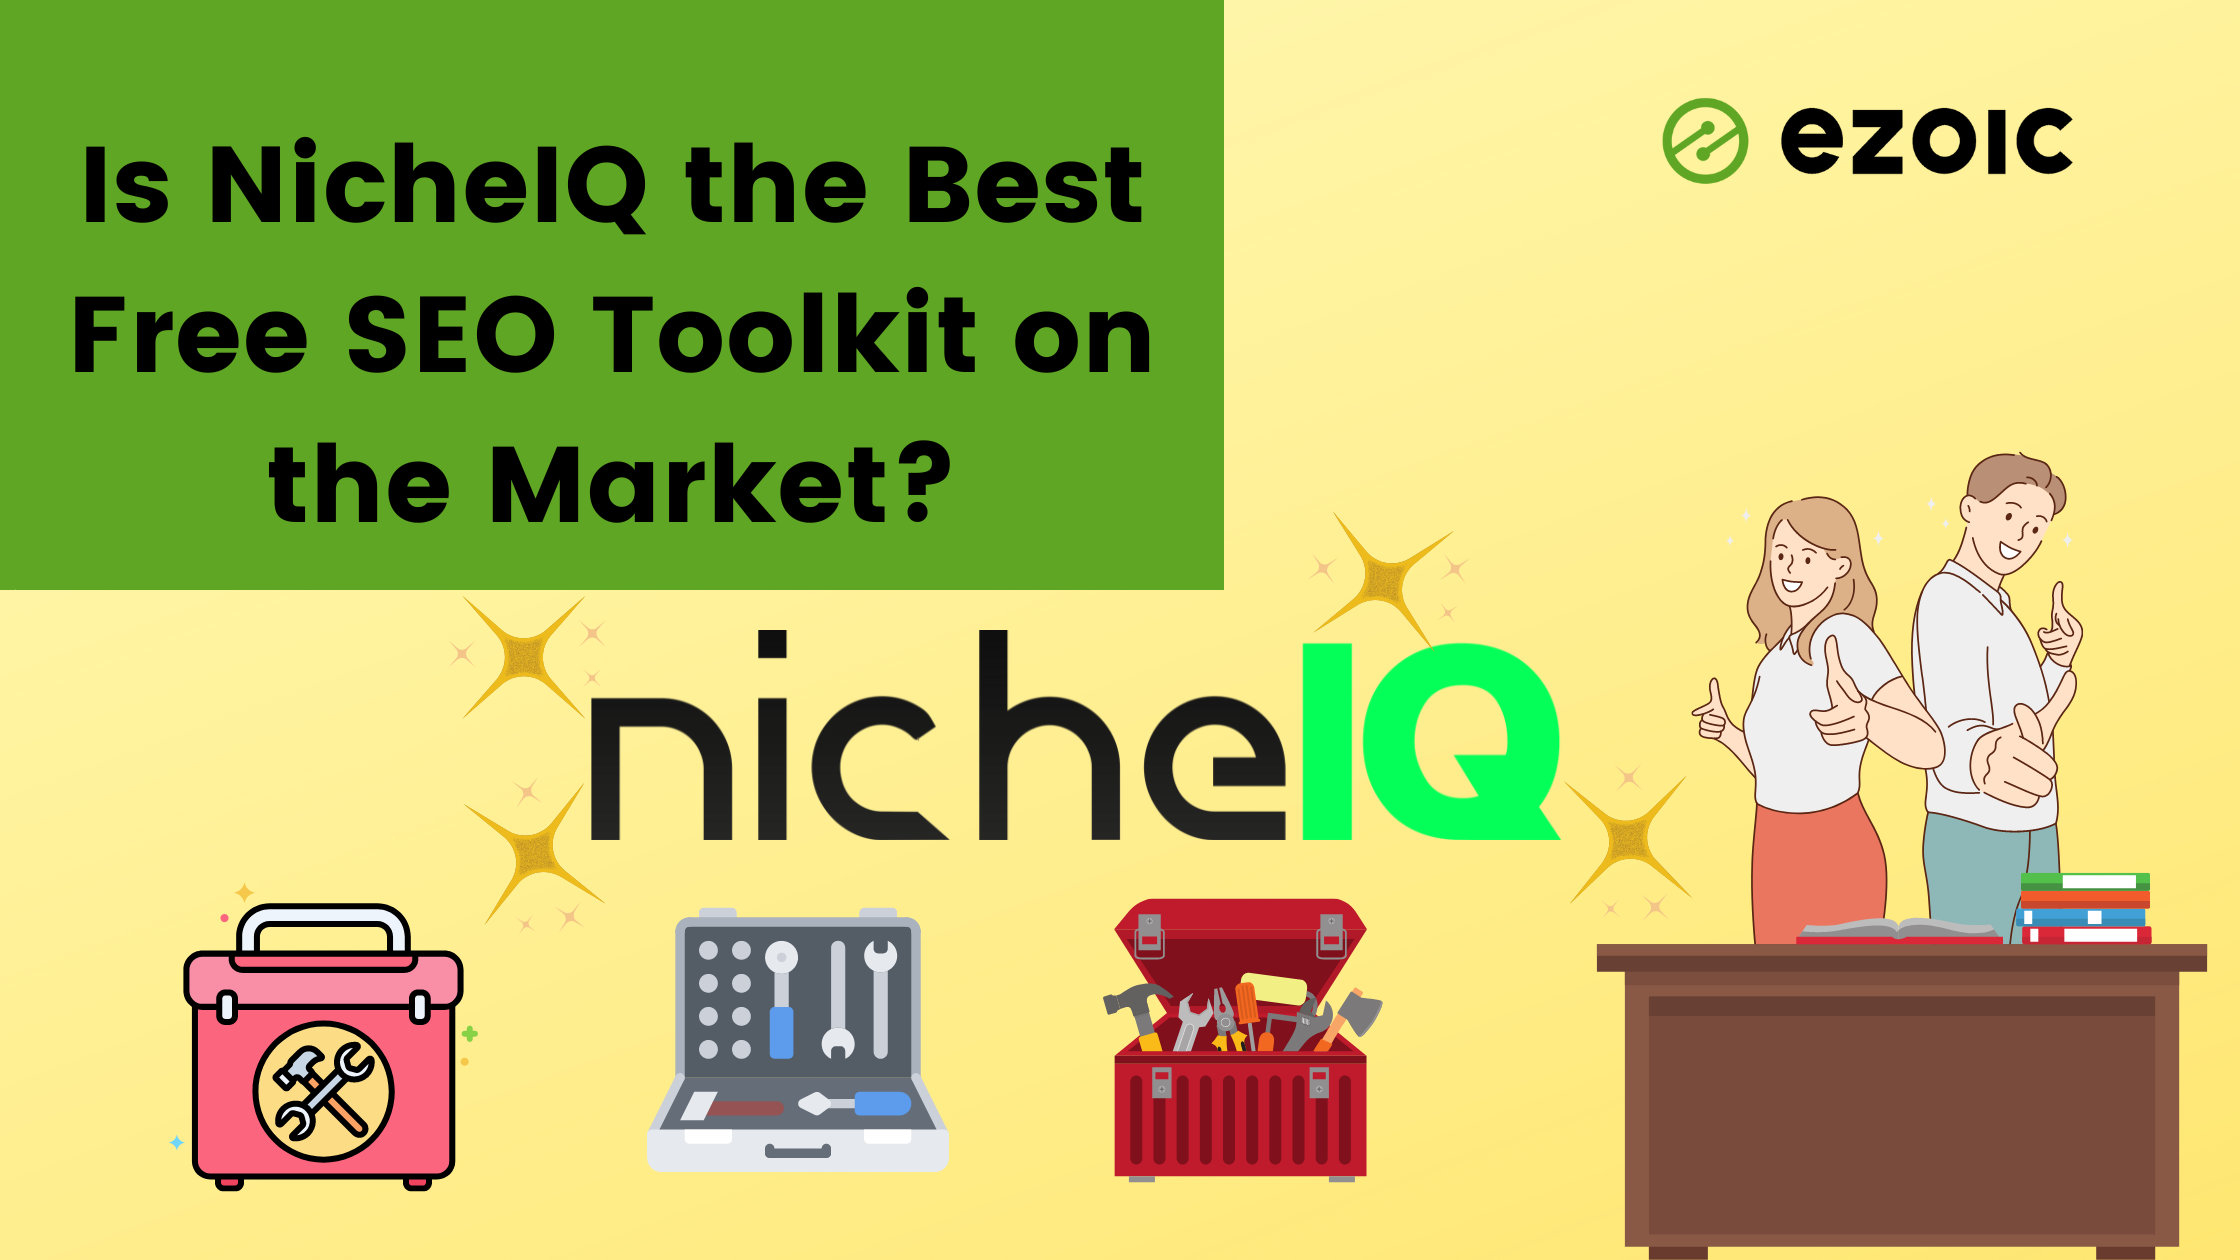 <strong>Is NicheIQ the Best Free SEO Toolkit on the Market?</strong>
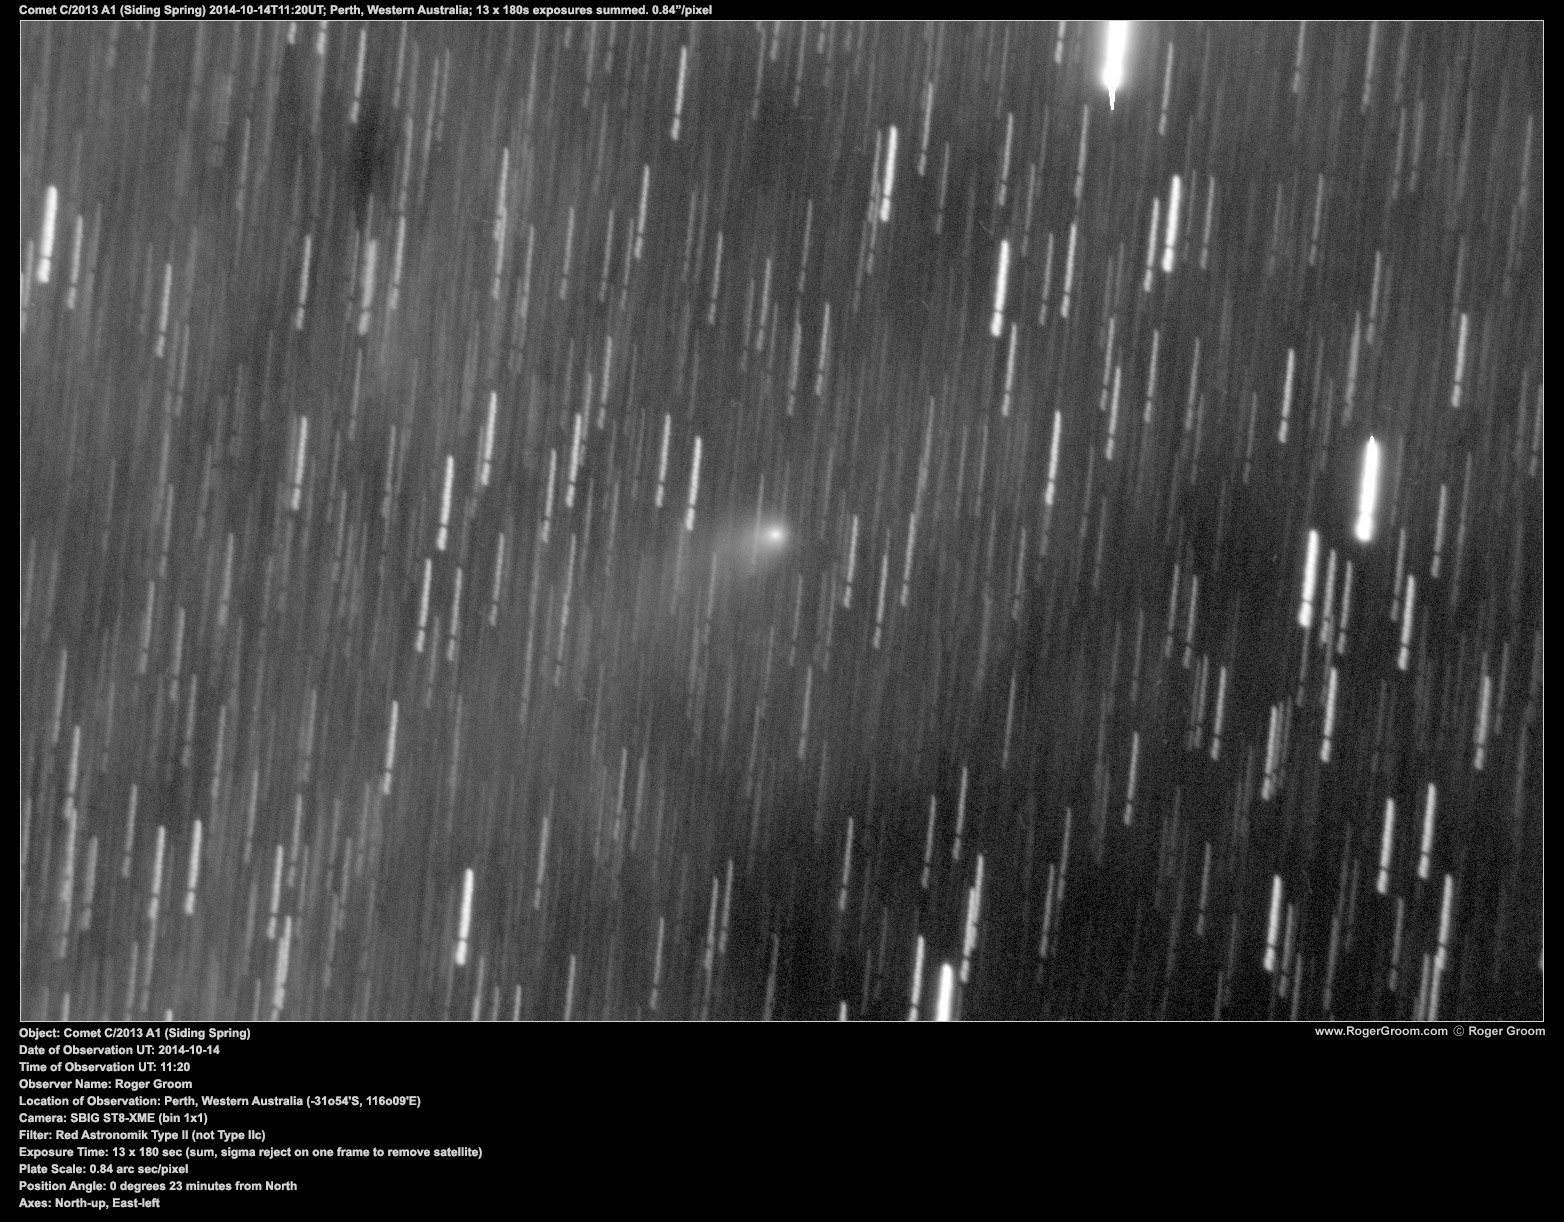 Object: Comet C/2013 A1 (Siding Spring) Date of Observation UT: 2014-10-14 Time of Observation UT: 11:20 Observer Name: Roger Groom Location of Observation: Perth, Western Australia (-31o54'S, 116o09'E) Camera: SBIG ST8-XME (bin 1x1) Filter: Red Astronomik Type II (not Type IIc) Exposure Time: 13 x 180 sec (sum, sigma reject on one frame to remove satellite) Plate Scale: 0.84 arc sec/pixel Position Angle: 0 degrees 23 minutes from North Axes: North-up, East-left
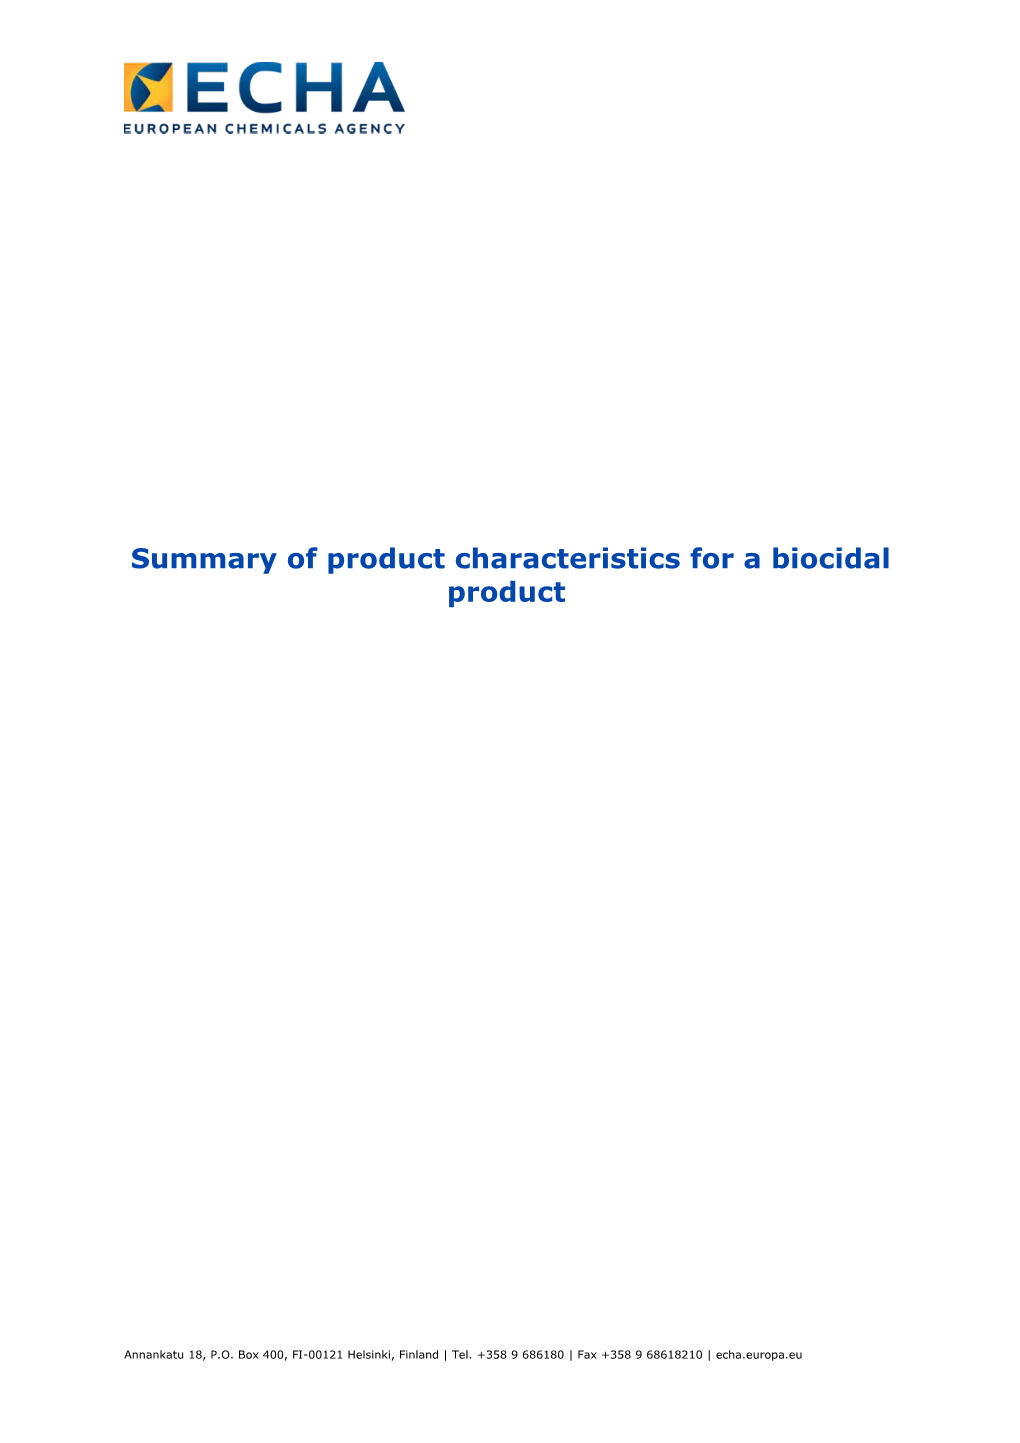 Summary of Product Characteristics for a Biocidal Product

*PROBLEM STATEMENT*. Could every line above be set down exactly, with the pictures omitted?

*FINISHED EXERCISE*.
 <strong>Is NicheIQ the Best Free SEO Toolkit on the Market?</strong>
 Object: Comet C/2013 A1 (Siding Spring) Date of Observation UT: 2014-10-14 Time of Observation UT: 11:20 Observer Name: Roger Groom Location of Observation: Perth, Western Australia (-31o54'S, 116o09'E) Camera: SBIG ST8-XME (bin 1x1) Filter: Red Astronomik Type II (not Type IIc) Exposure Time: 13 x 180 sec (sum, sigma reject on one frame to remove satellite) Plate Scale: 0.84 arc sec/pixel Position Angle: 0 degrees 23 minutes from North Axes: North-up, East-left
 Summary of Product Characteristics for a Biocidal Product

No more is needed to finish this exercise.